§ Exercise goal
Beginning with the line of the entries below that holds "New Therapy Horse Information Packet" and ending with the line that holds "International Day of Nowruz Coloring Pages", transcribe each line exactly as written. Pictures stay out.

*** Given data Section Begins ***

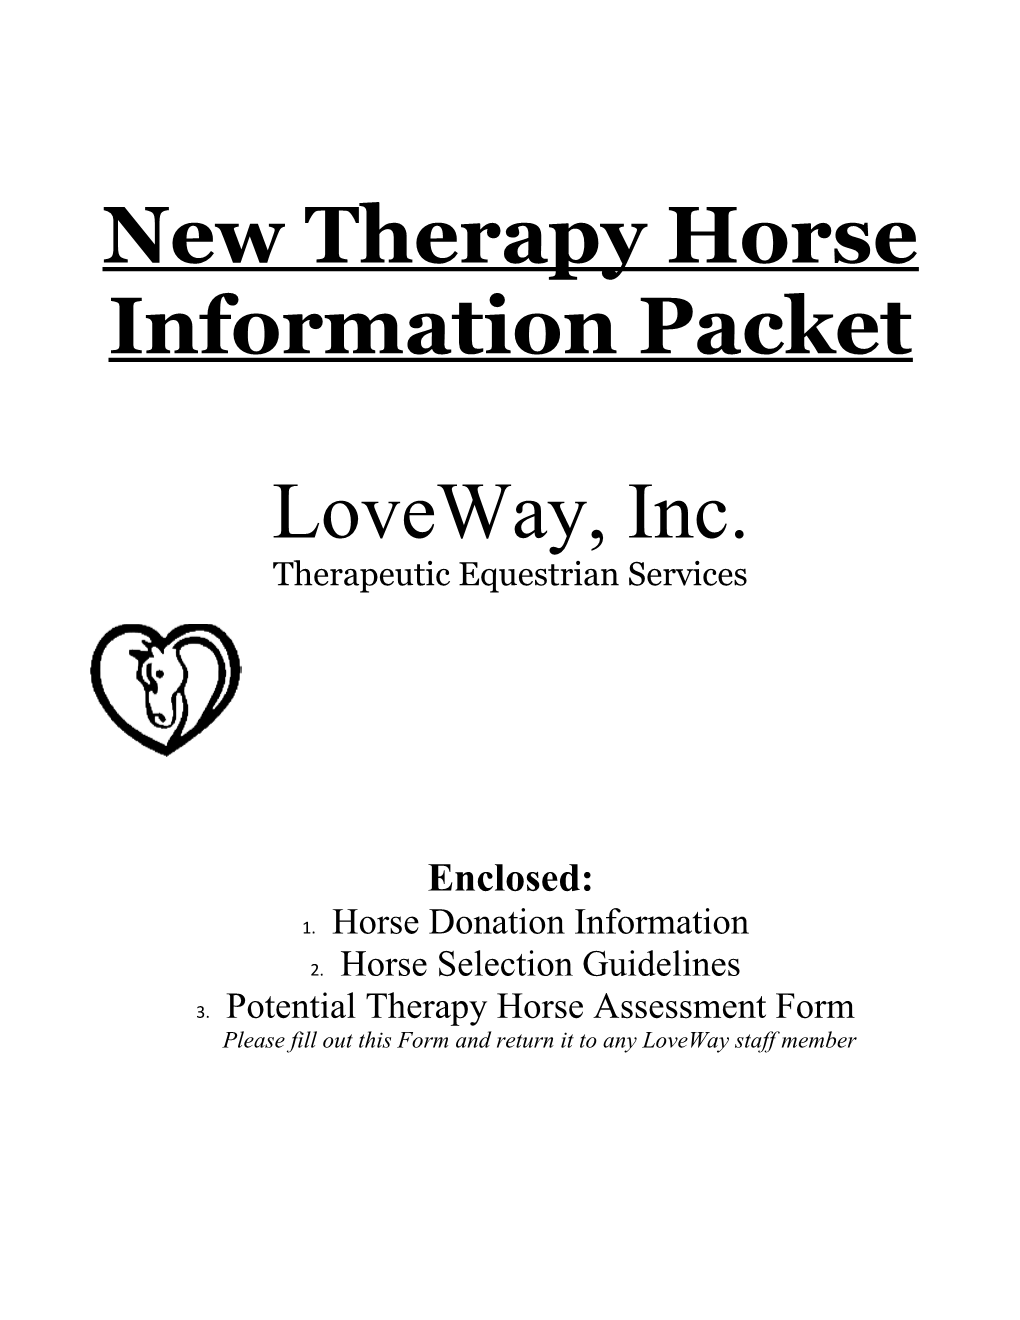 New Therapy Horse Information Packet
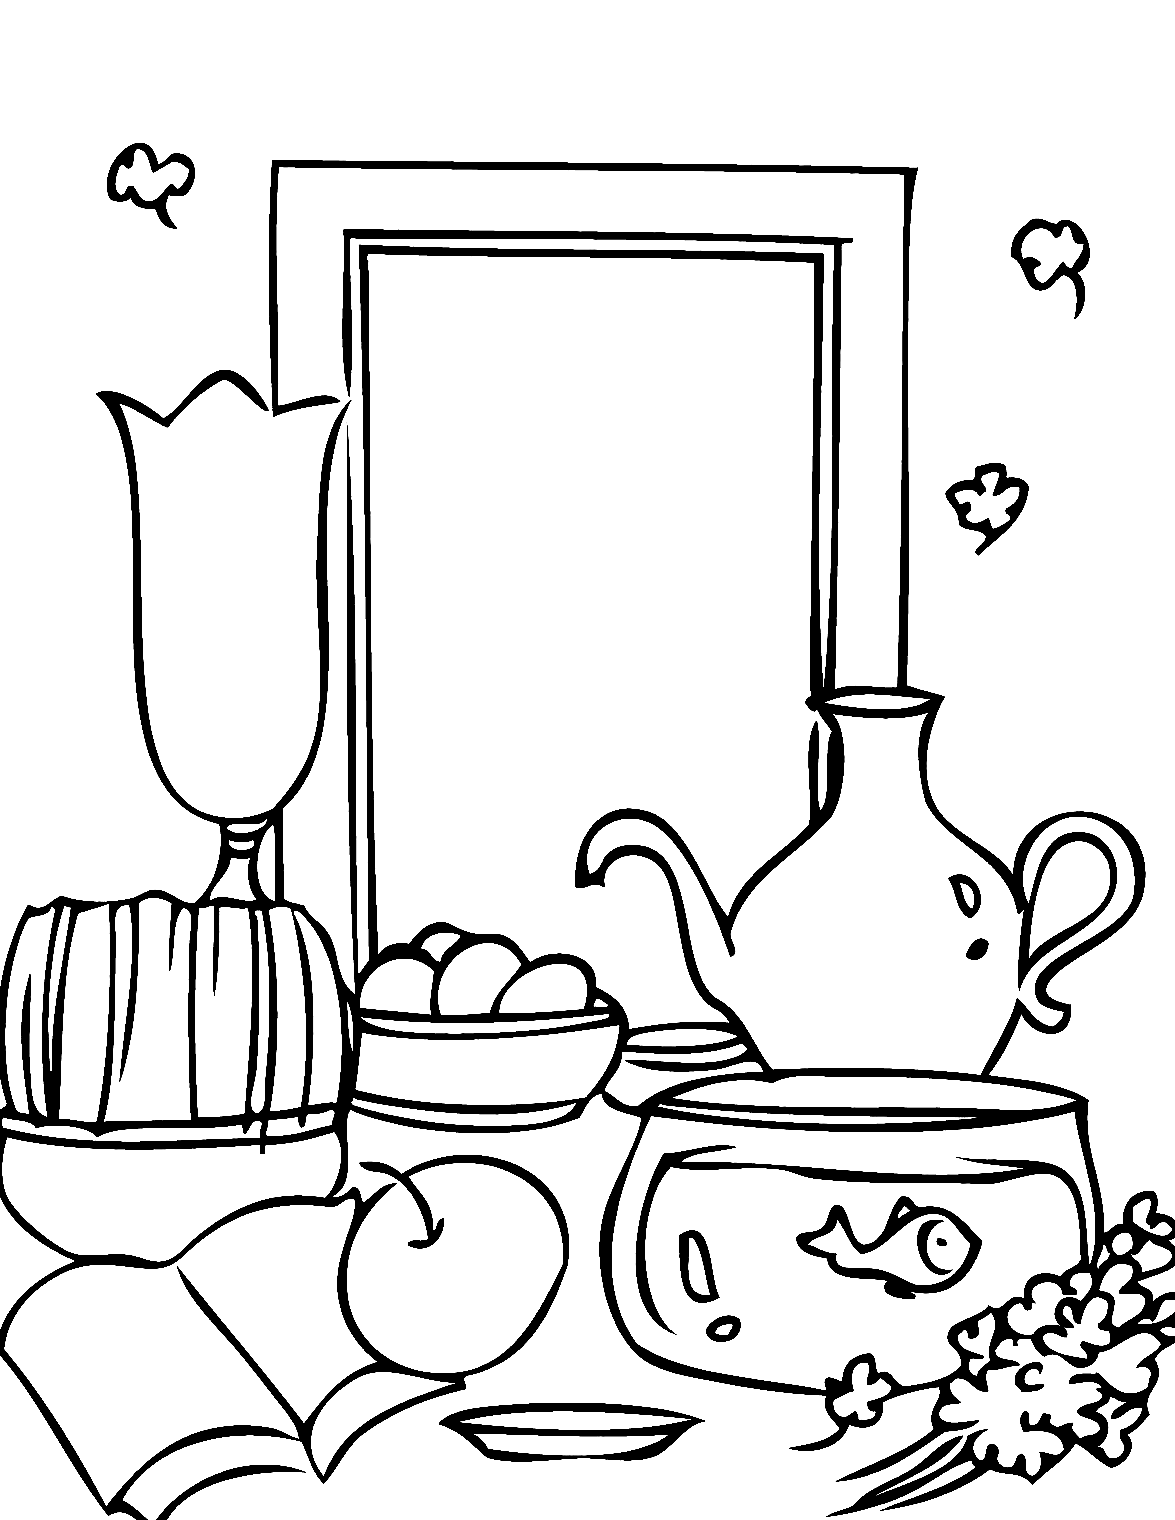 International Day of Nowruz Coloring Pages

*** Given data Section Ends ***
*** Given data Section Begins ***

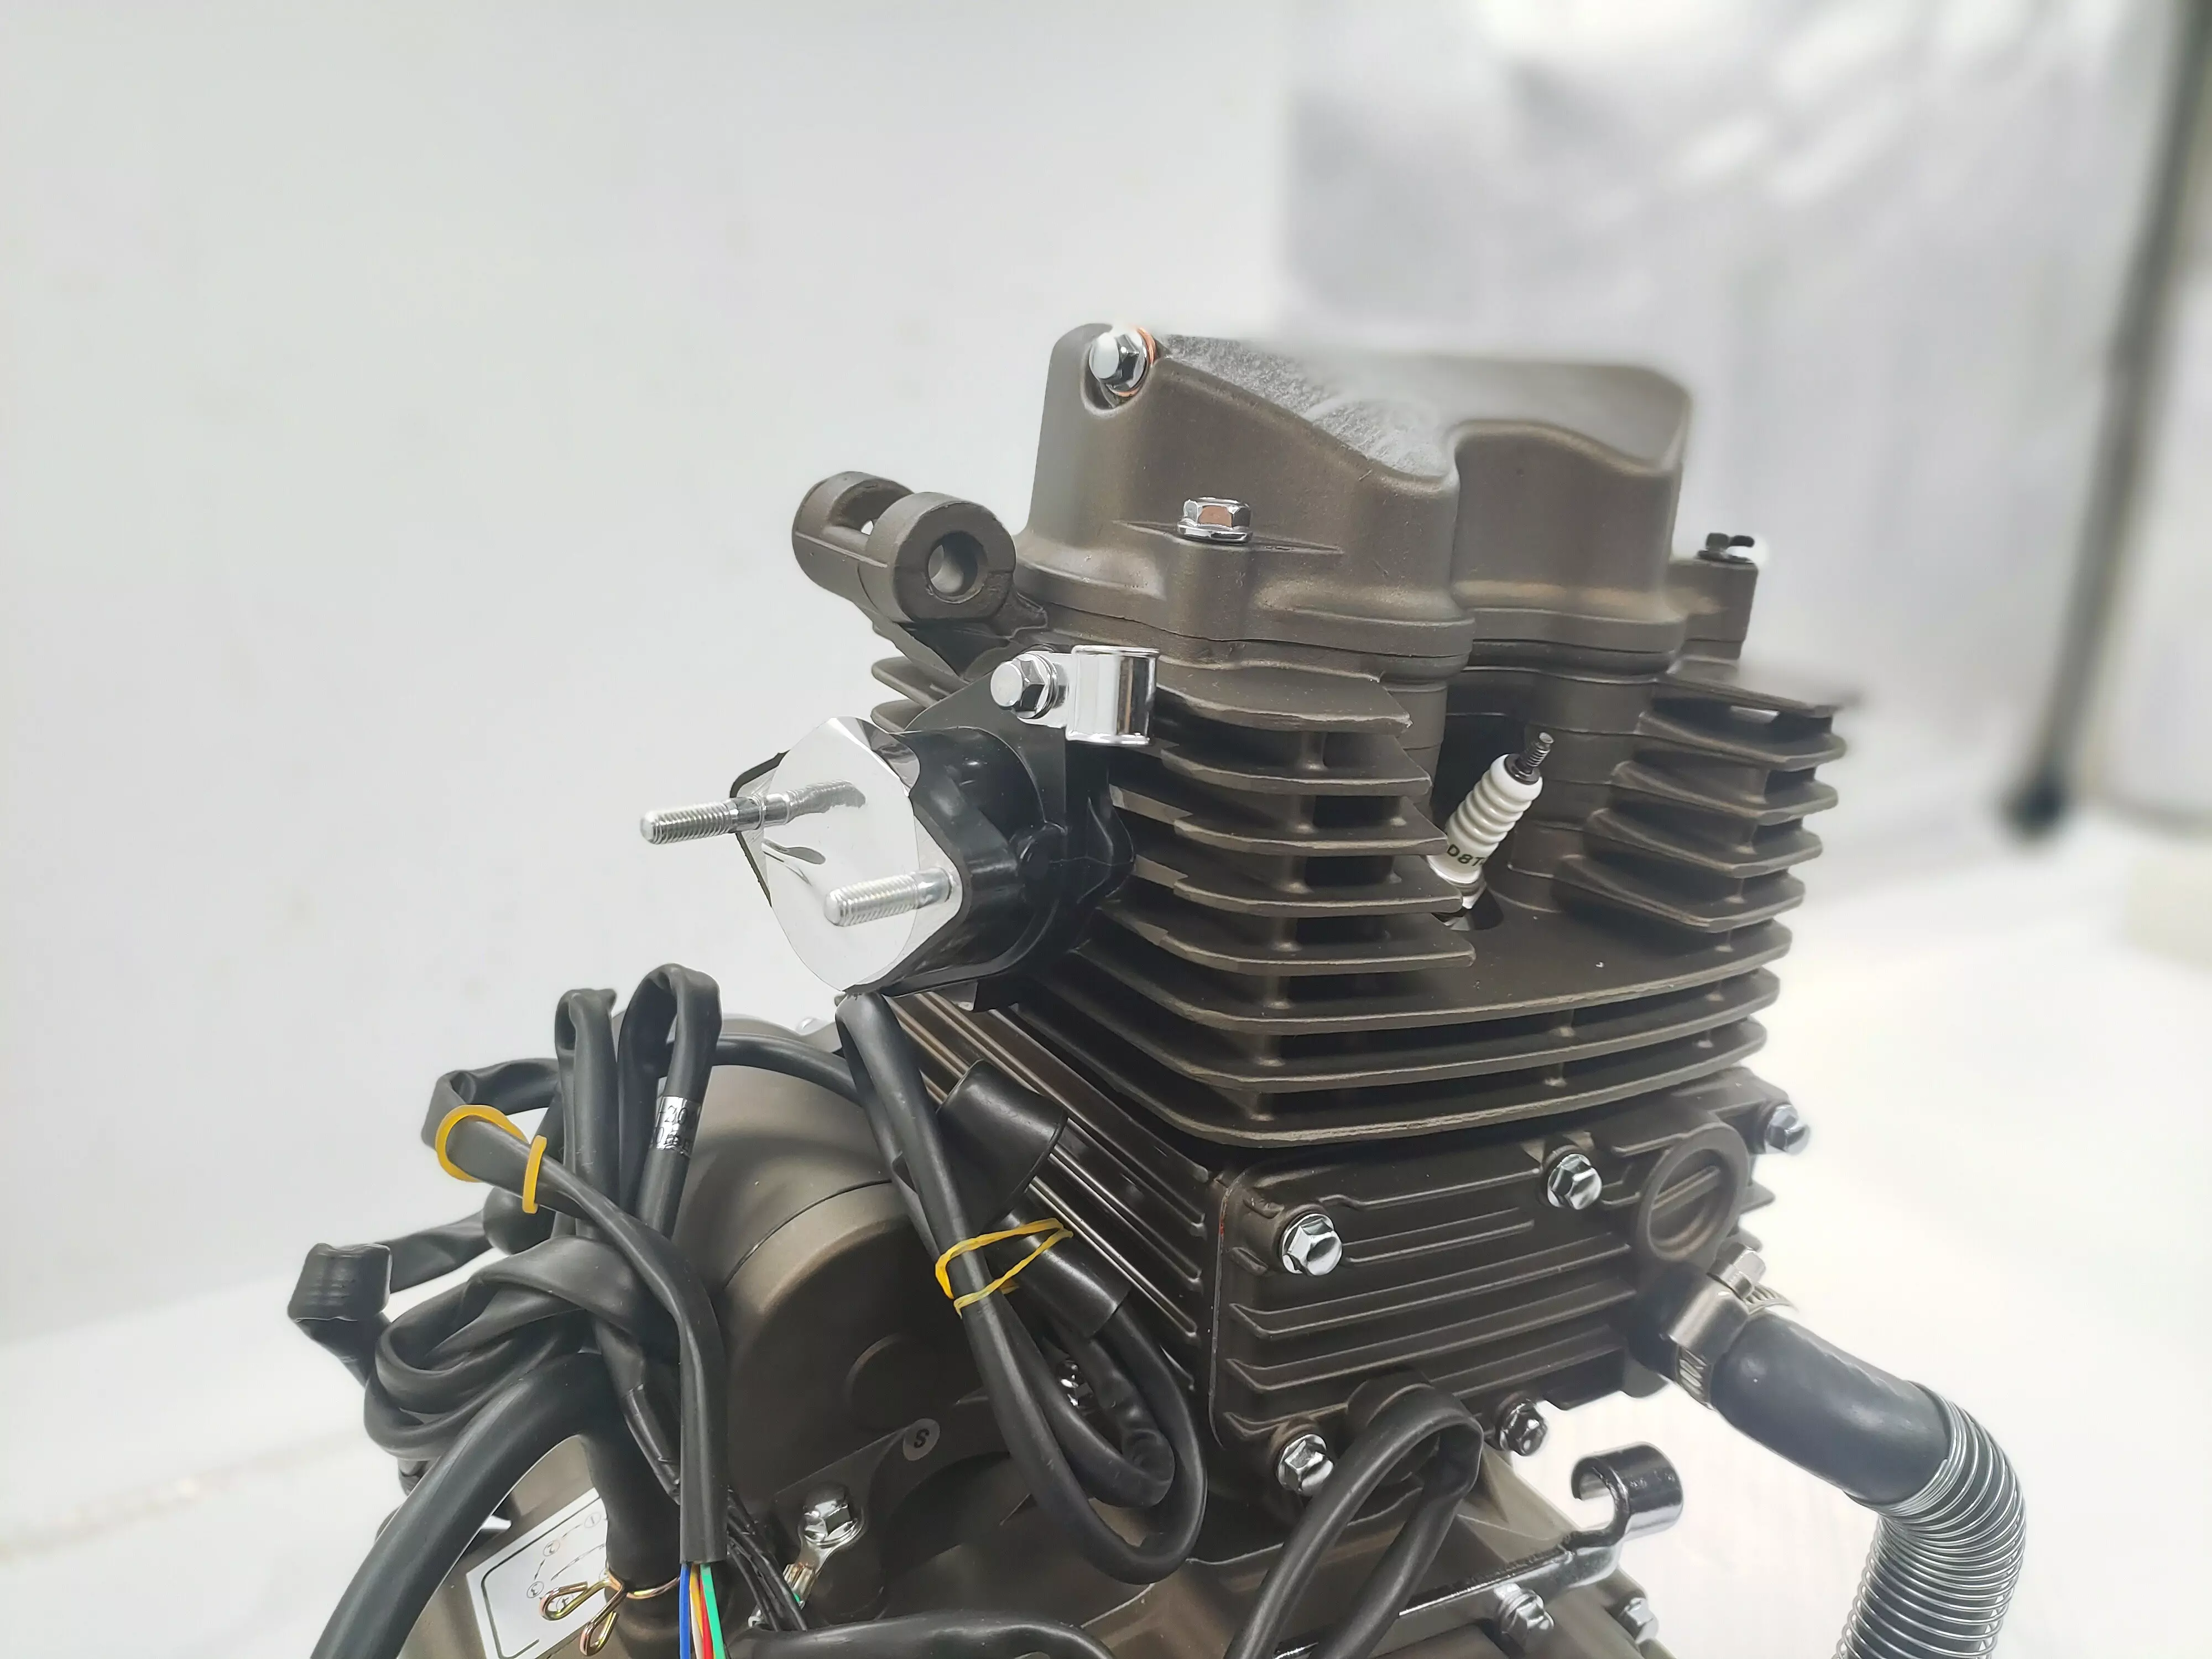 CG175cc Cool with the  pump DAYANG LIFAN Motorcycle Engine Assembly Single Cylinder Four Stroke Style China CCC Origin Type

*** Given data Section Ends ***

§ Solution to the exercise
 New Therapy Horse Information Packet
 International Day of Nowruz Coloring Pages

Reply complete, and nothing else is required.